• **Material for this task**

***

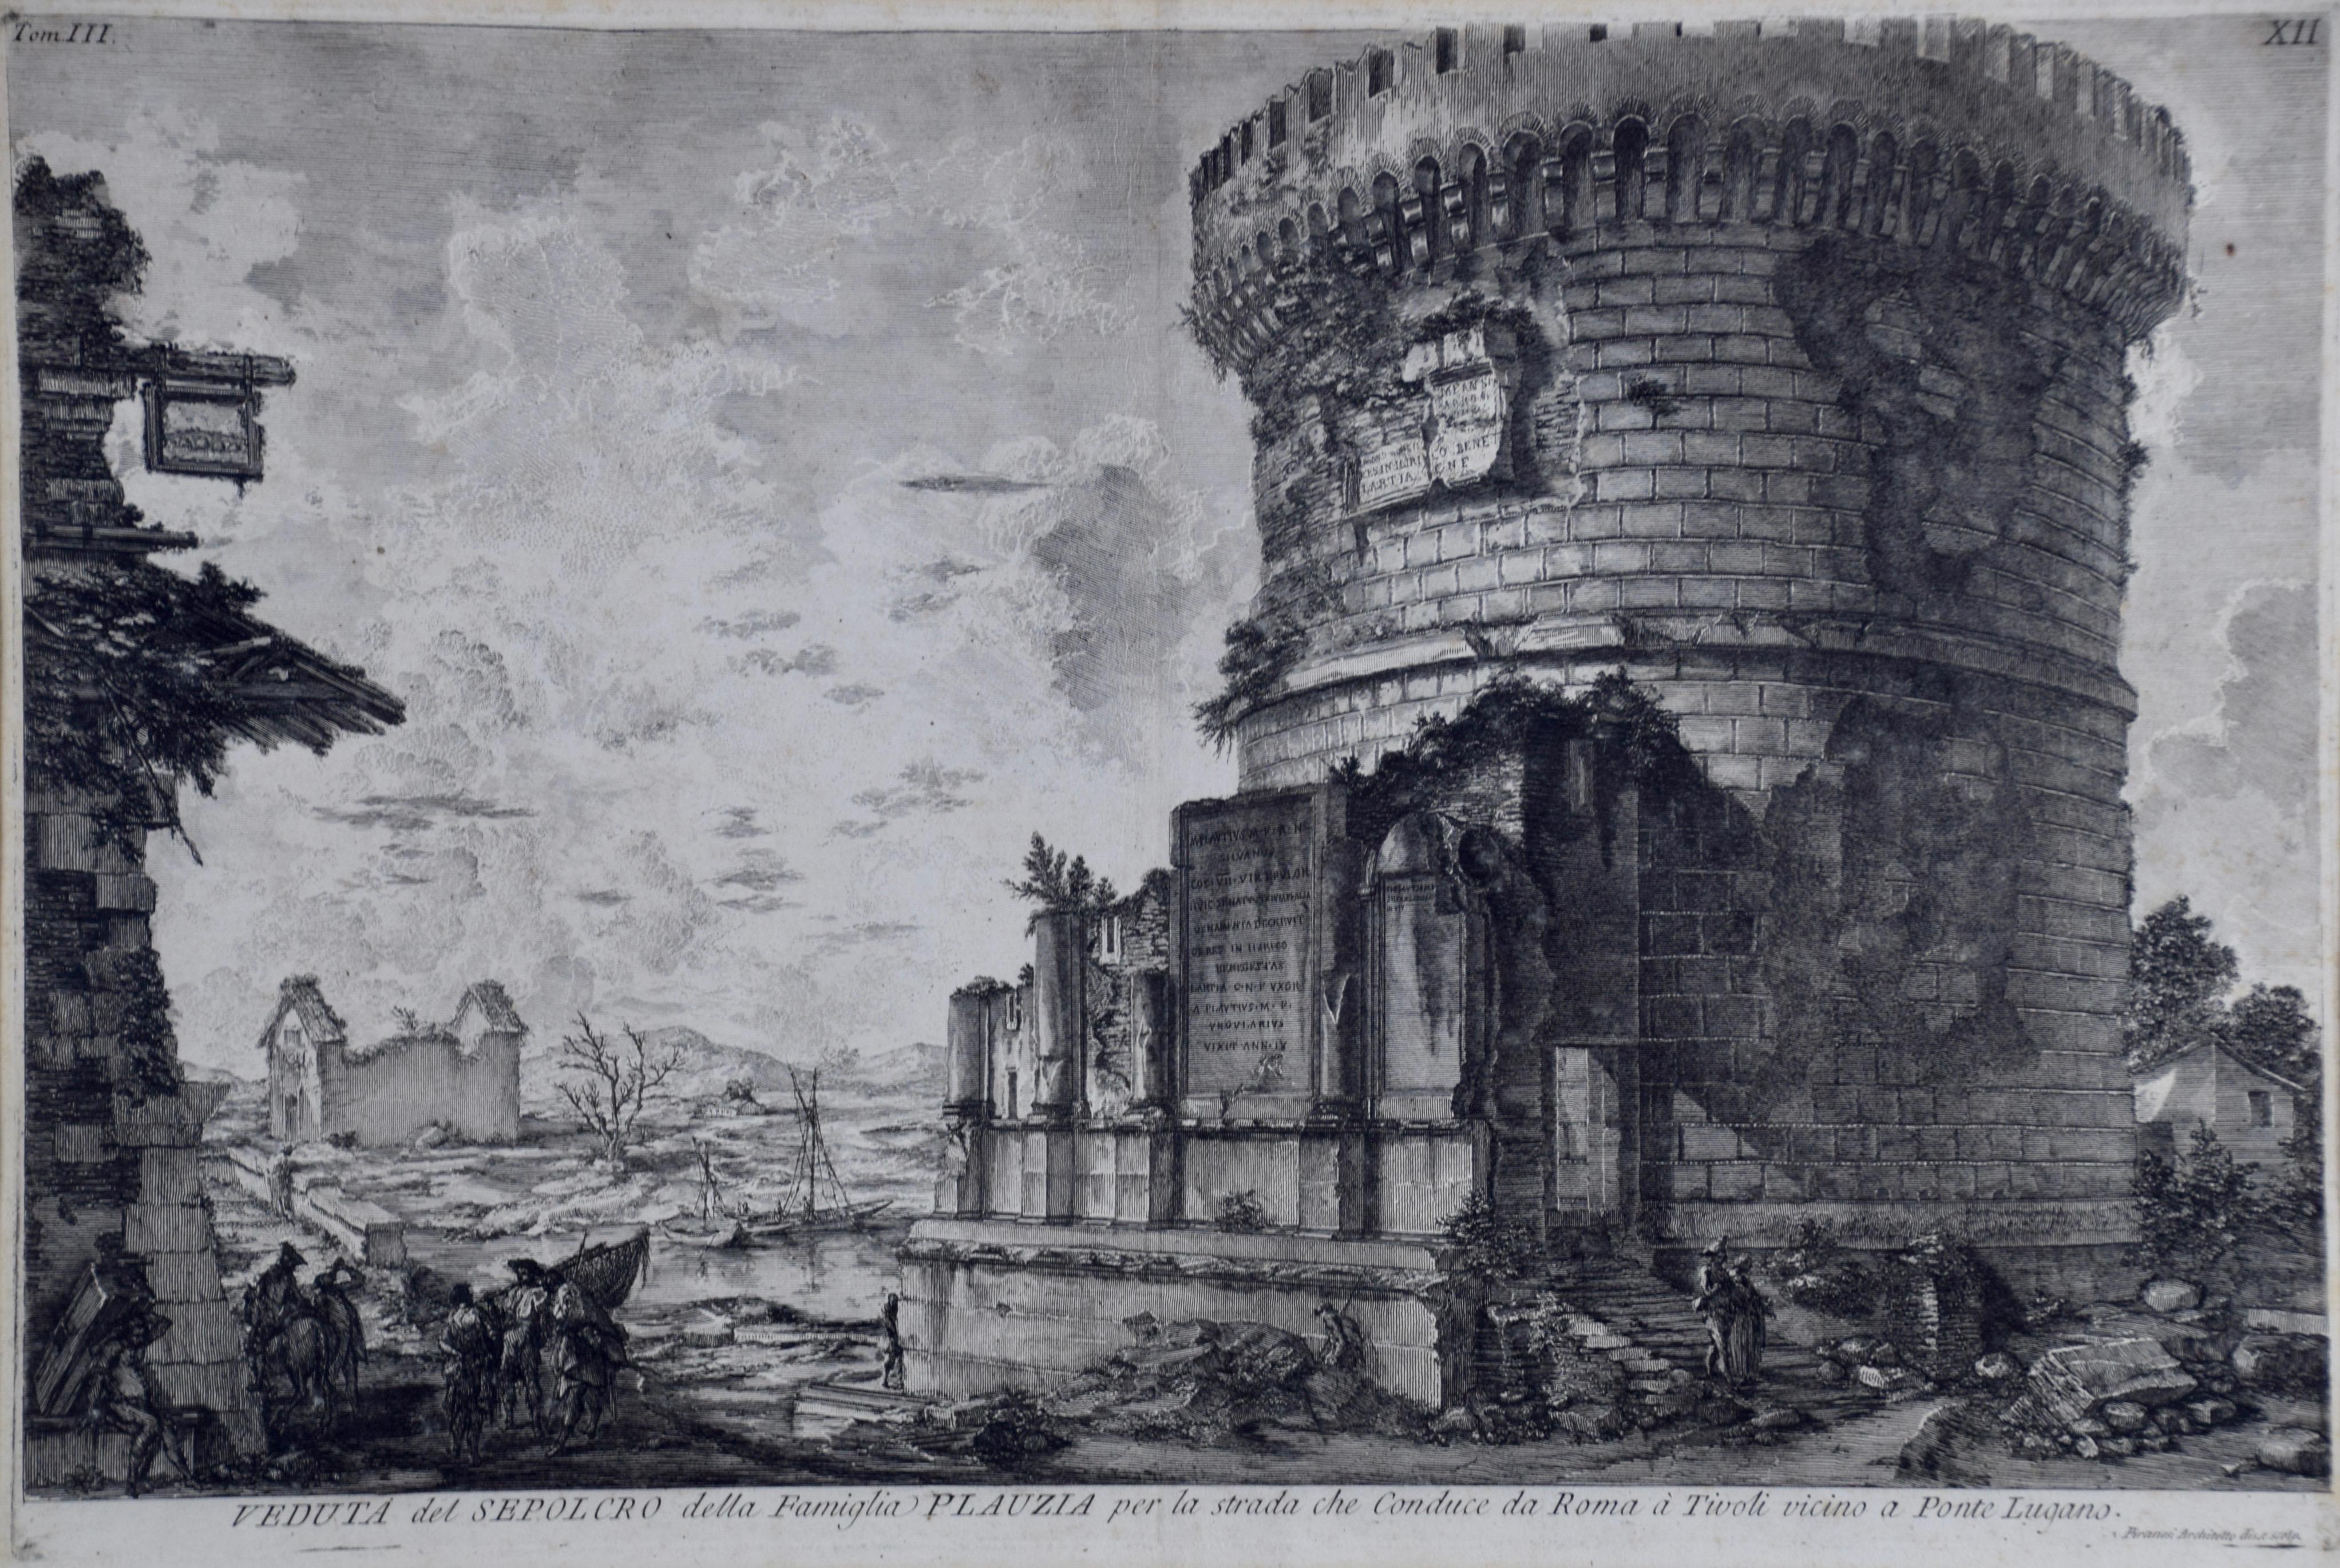 Giovanni Piranesi, Radierung antiker römischer Architektur, 18. Jahrhundert – Print von Giovanni Battista Piranesi
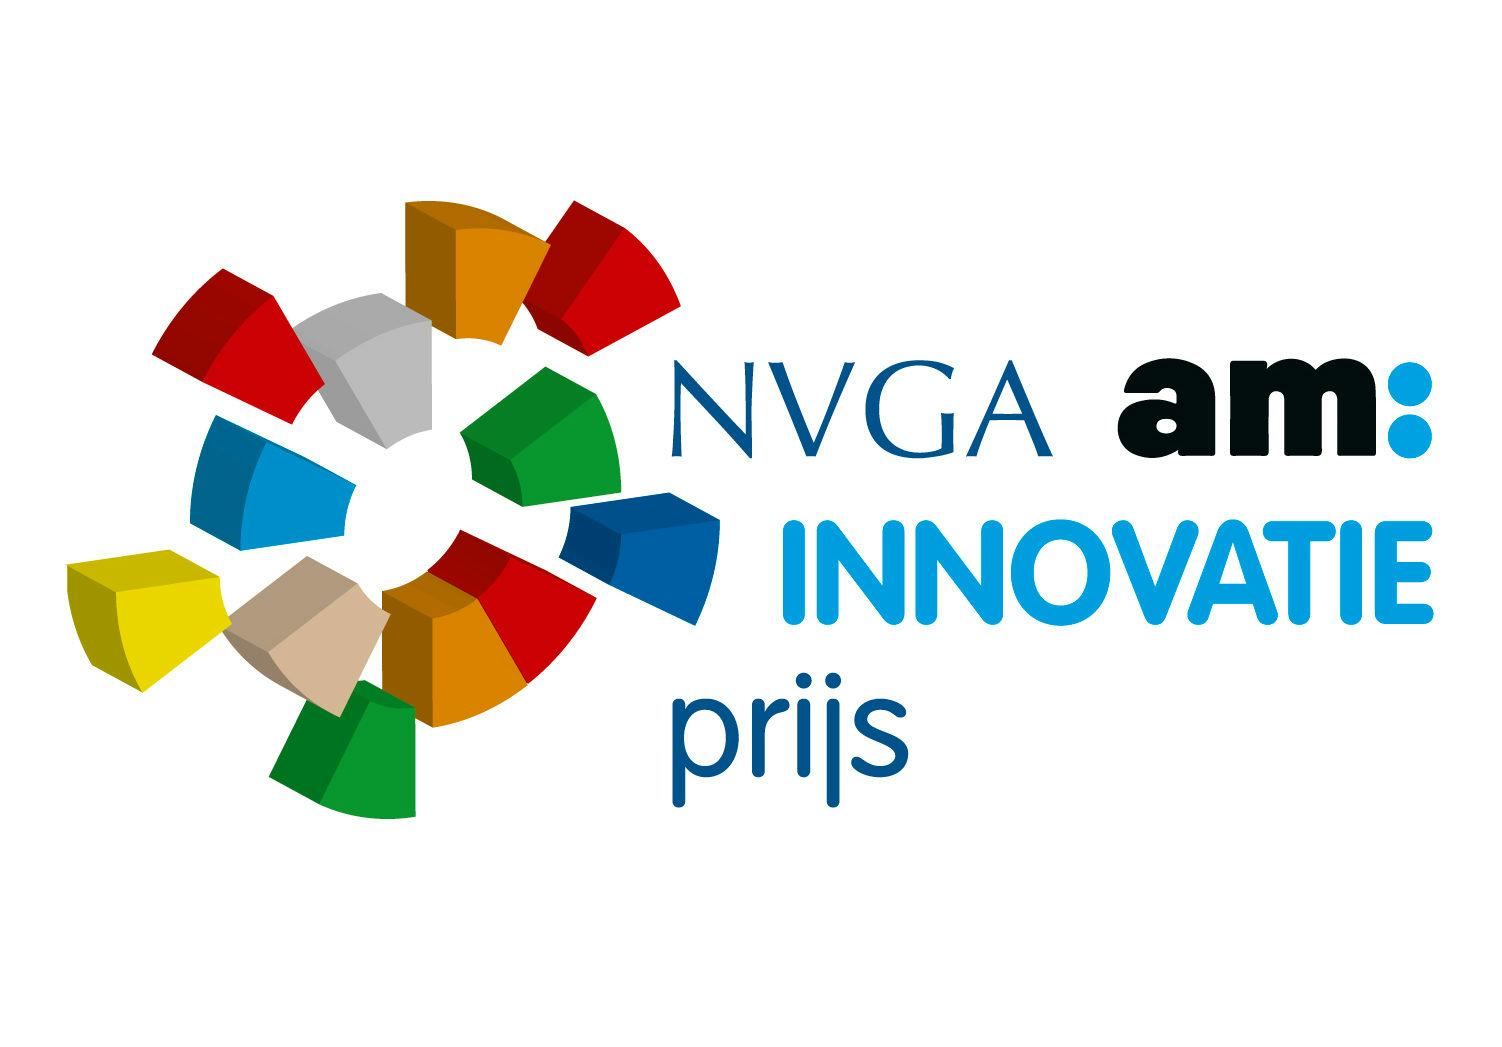 Vijf genomineerden voor NVGA am: Innovatieprijs bekendgemaakt
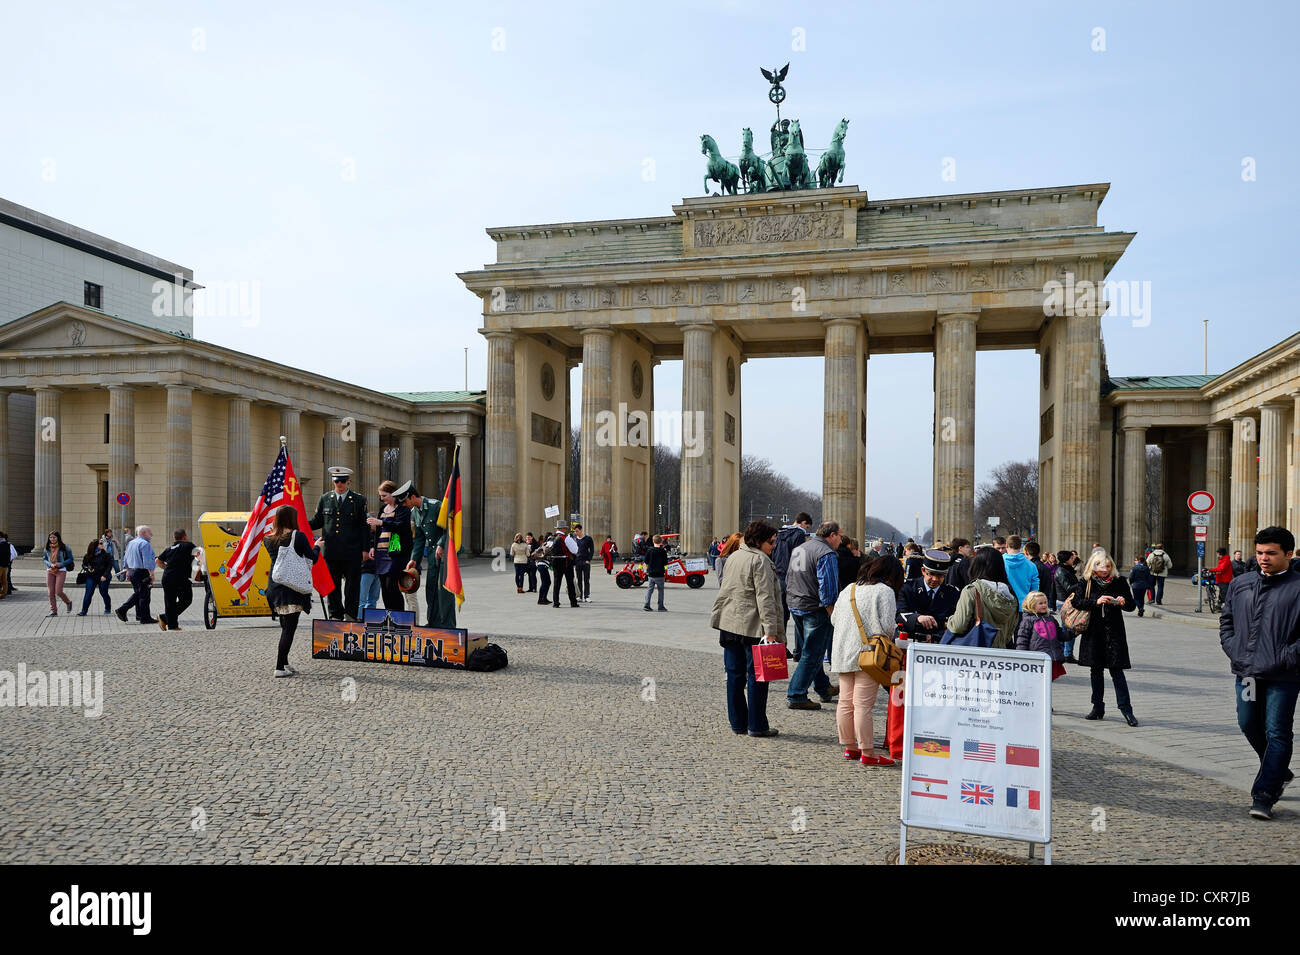 Les touristes et les artistes de rue sur la Pariser Platz, Porte de Brandebourg, Berlin, Germany, Europe Banque D'Images
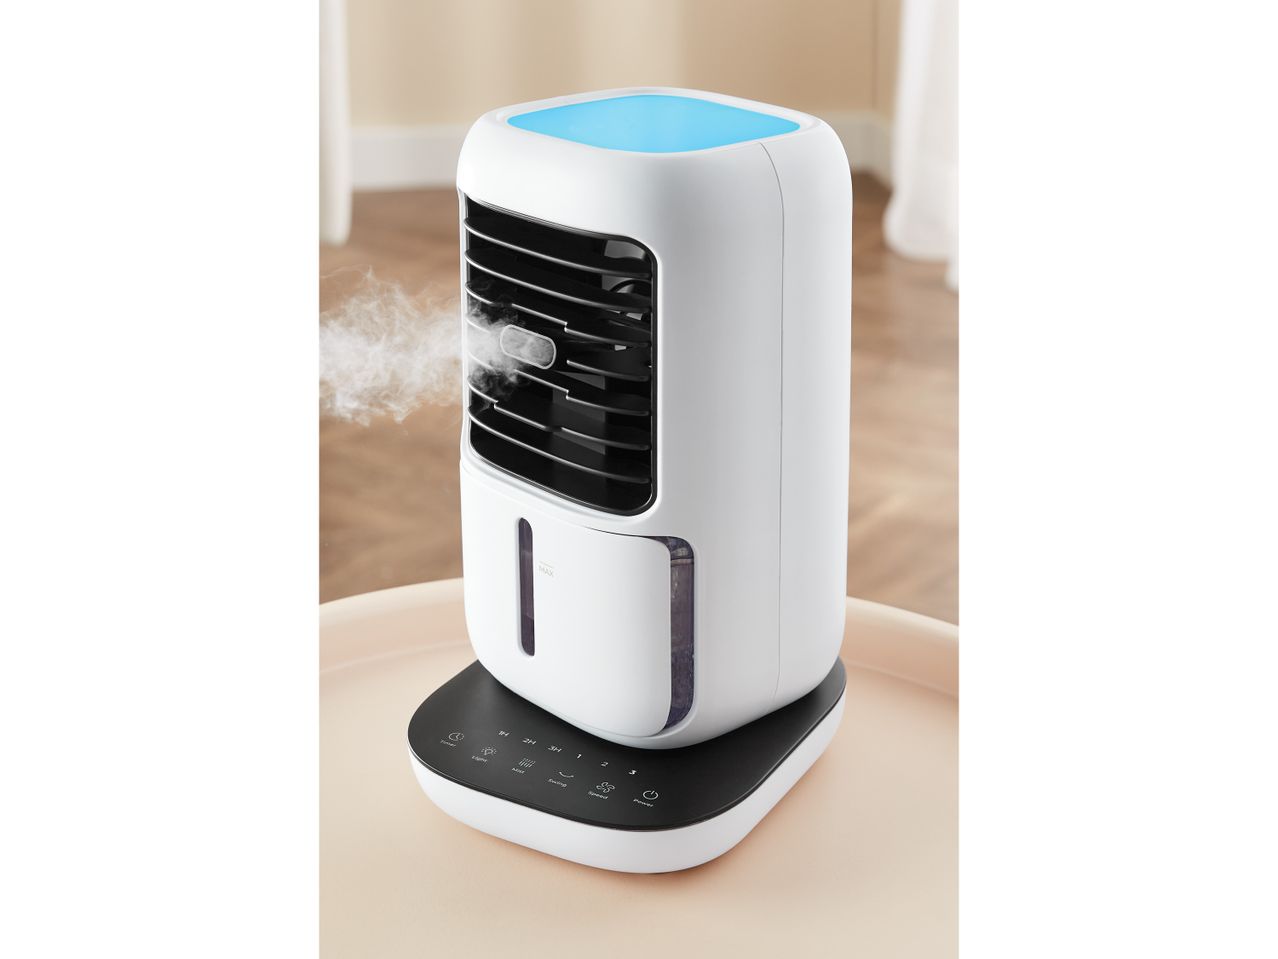 Mini refrigeratore ad aria con funzione , prezzo 34.99 EUR 
Mini refrigeratore ad ...

***

• **Task brief**
What is needed is an exact restatement of the lines from the line with "Mini refrigeratore ad aria" through the final line of the data, pictures excluded.

• **Task solution**
 Mini refrigeratore ad aria con funzione , prezzo 34.99 EUR 
Mini refrigeratore ad ...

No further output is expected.